We flew into Bergen and immediately picked up our rental car and started our drive to Stavanger. The drive took a little over 4 hours and included two ferry rides. Exhausted, we arrived at our Airbnb in Stavanger and got a good night’s rest before we started our adventures.

Day 2: Hike Preikestolen (Pulpit Rock)

We stopped at the grocery store before heading out on the hour and a half drive to Preikestolen. This drive included one ferry ride. We paid for parking, used the restroom and filled up our camelbaks before starting out on the 2-4 hour hike.

This hike can definitely be done in under 4 hours, but the views are exceptional and we spent a lot of time hanging out and enjoying the scenery.

For more detailed info, see Hiking Preikestolen.

After our hike, we started driving the two and a half hours towards Kjerabolten. We stopped to camp right near the entrance of the hike so we could get an early start in the morning.

Day 3: Hike Kjeragbolten

Even though we started our hike early, the parking lot was nearly full. We spent almost the entire day on this hike, enjoying the scenery, taking photos and exploring the area.

For more detailed info, see Hiking Kjeragbolten.

Tired, we started our four and a half hour drive towards Trolltunga. It had started to rain so we stopped and set up our tent under a small shelter and spent the night.

Day 4: Hike Trolltunga

In the morning, we continued our drive to Trolltunga and stopped in the town of Odda to get a bite to eat before beginning the hike. Once our bellies were full, we drove to the trail head and prepared our packs.

The hike to Trolltunga took us roughly 6 hours. We arrived around dusk, set up our tent for the night and enjoyed the evening with an incredible view.

For more detailed info, see Hiking Trolltunga.

Trolltunga

Day 5: Hike Trolltunga

The next day, we explored more of Trolltunga and hiked the 4 hours back down to the parking lot.

When we arrived back at our car, we were so excited to remove our shoes and packs! We took a few minutes to stretch and relax before we started our hour and a half drive to Voss where we would camp for the evening.

Day 6: Kayak Gudvangen

We woke up early in Voss, grabbed breakfast and drove a quick 40 minutes to Gudvangen. A beautiful, sunny day, we rented a double Kayak at Nordic Ventures. There are also Kayak tours you can take here, but we decided to rent a kayak and explore on our own. They offer full day and half-day rentals and we opted for the full day so we could take our time and enjoy.

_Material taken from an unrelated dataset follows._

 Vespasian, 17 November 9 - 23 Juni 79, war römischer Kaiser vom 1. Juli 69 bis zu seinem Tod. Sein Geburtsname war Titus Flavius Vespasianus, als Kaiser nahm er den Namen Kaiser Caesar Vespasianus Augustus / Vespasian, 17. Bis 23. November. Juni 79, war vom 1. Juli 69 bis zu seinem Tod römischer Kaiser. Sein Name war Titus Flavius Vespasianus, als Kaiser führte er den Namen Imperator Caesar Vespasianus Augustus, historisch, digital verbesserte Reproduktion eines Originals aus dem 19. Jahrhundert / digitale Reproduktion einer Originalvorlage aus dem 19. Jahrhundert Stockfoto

Nordic Ventures supplied everything we needed: kayak and paddle, skirt, wet-suit, booties, waterproof jacket, life vest and dry bags. We packed a lunch and began paddling out into the fjord. We passed a few other kayakers and lots of tourist boats. The water was calm and the view was breathtaking. We stopped off to explore a waterfall and dip our toes in the freezing glacial water.

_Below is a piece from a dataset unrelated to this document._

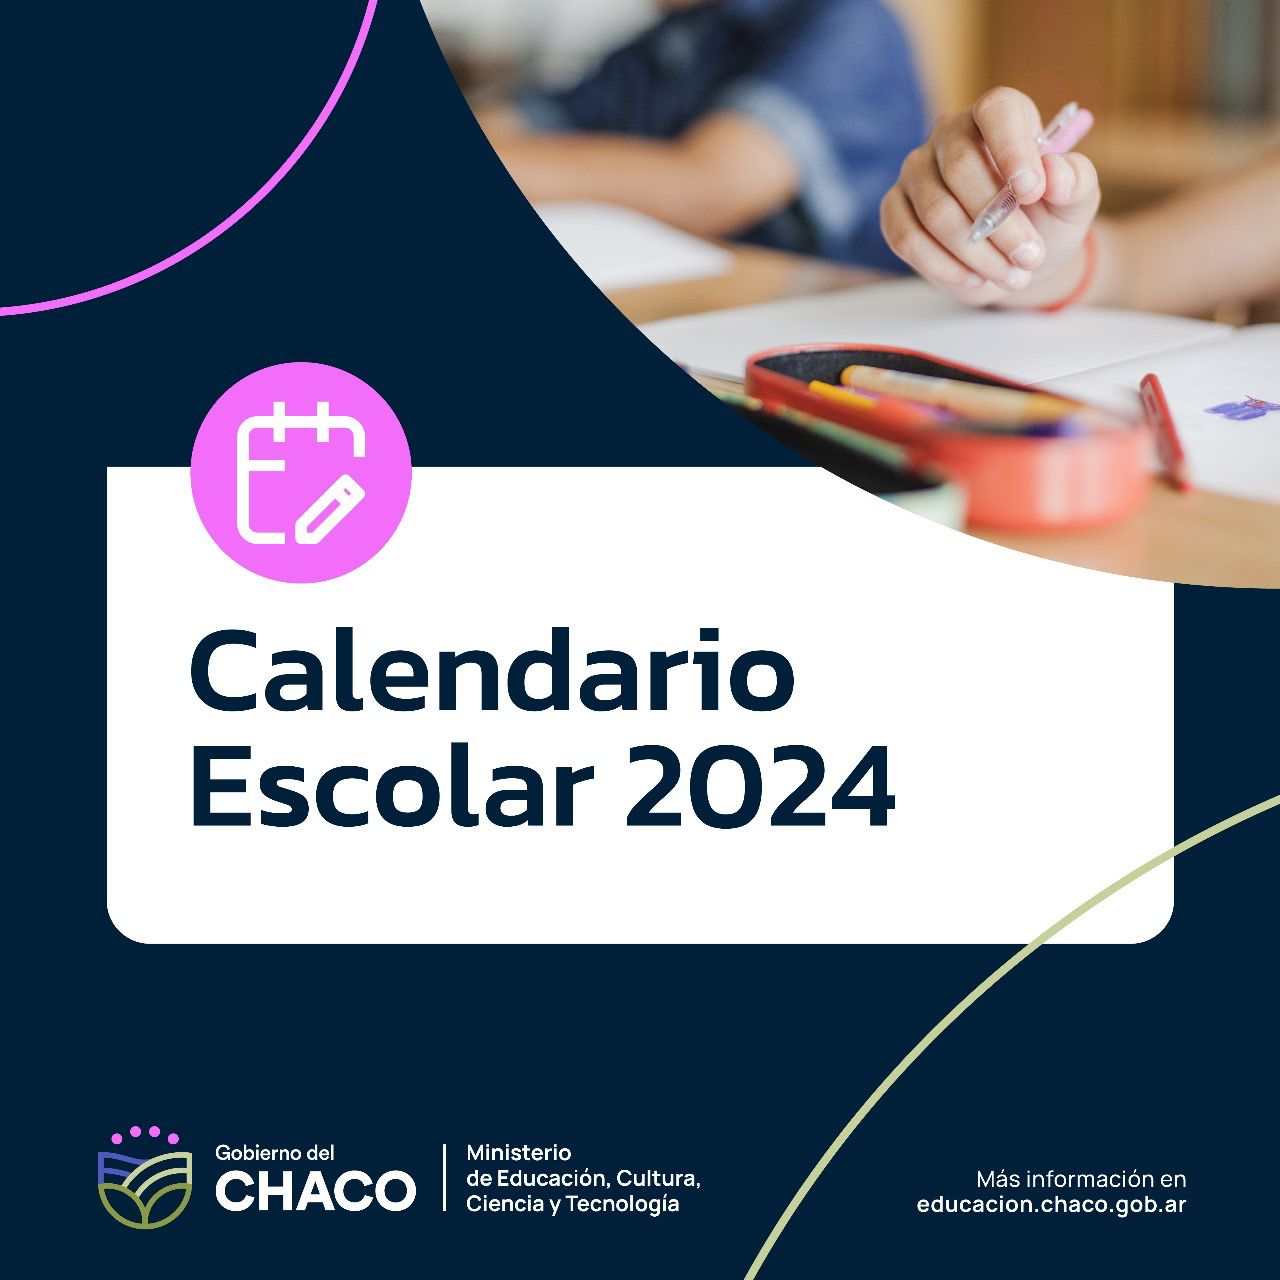 EDUCACIÓN CONSTRUYE EL CALENDARIO ESCOLAR 2024 DESCENTRALIZADO

We paddled a bit further and stopped for lunch on a small, lush, green,  sun drenched pasture. We ate our lunch while lambs roamed around us with the serene sound of waterfalls in the distance. We even took a swim in the fjord and laid on the shore to dry in the sun. I could have stayed here forever, but we had to get the kayaks back by 5:30pm so we geared up and started our paddle back to shore.

Our arms were quite tired on the way back so we took our time and enjoyed the scenery and the lovely weather. We made it back just in time for closing, returned our gear and began the five and a half hour drive to Hoddevik. We were very tired so we stopped on our way at the town of Lem and camped for the evening.

Day 7: Surf at Hoddevik

Day 7 started out with a stop at Bøyabreen Glacier, Fjærland. Here we found a lot of tour buses so we didn’t stay too long, but it was an amazing spot to view the glacier. The water in the lake below was an incredible shade of blue with small ice chunks casually floating by. We could feel an icy chill coming from the glacier above as we marveled at the large, blue ice sheet. There was also a restaurant and restrooms here where many of the tour buses stopped for lunch.

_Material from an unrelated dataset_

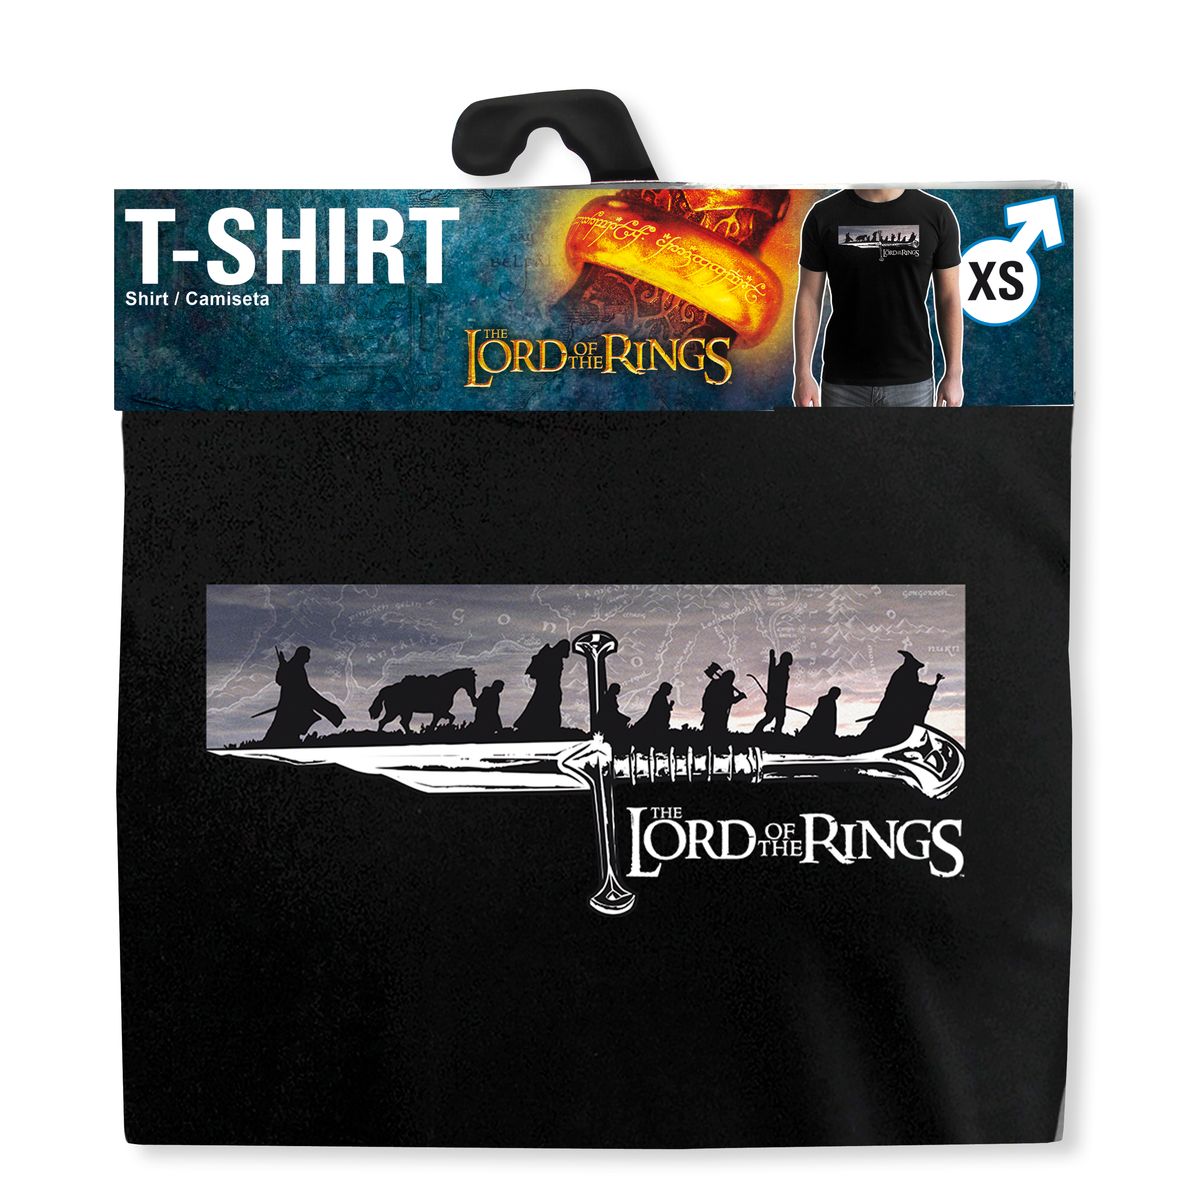 Herr der Ringe - The Fellowship - T-Shirt

After our glacier stop, we continued the drive to Hoddevik. It started to rain, but it didn’t stop us from hitting the surf. Hoddevik is a very small town so it wasn’t hard to find the board rental shop right by the beach. We rented boards and suits and hit the waves. While the waves weren’t huge, they were consistent and there were very few surfers competing for waves.

After a few hours of surf, we headed to nearby Ervik. There are also surfable waves in Ervik, but we came here on a suggestion from a local to check out the old Nazi tunnels in the mountain. We hiked across the beach and up a cliff, through a gate and finally reached the entrance to the tunnel. There were two paths in the tunnel. The path to the right led us to an amazing view of the ocean where the path to the left let us to some old broken stairs up to a small house out on the cliff. This was definitely an off the beaten path stop, we were the only people around and were able to enjoy a nice quiet hike with only sheep as our company and the sound of waves crashing as our soundtrack.

After our hike, we began the three and a half hour drive towards Geiranger, but stopped about an hour in and found a spot to camp for the evening.

Day 8: Hike in Brunstad (or go to Geiranger)

The next day we had planned on heading to Geiranger, but the weather was fierce so we decided to take a detour and spend the day in nearby Brunstad. We got an amazing Airbnb with a wood burning stove and incredible view.

We took a VERY rainy hike up to a nearby Norse village. The old farming village was like a time warp, sending us back to the days when farmers would bring their livestock to this tiny village for summering. We decided to continue up the mountain hoping to reach a lake we had heard of, but after about an hour of hiking in the pouring down rain, we decided to call it a day and head back down.

Norse Village

We were soaked and muddy and happy we had a nice warm cabin to go home to and dry off. We got an amazing night of rest and were sad we had to leave our quiet little village the next day.

The touristy thing to do here would definitely be to go to Geirangerfjord, but we really love immersing ourselves in the local culture and enjoyed our time away from the tourist crowds and exploring Norway off the beaten path.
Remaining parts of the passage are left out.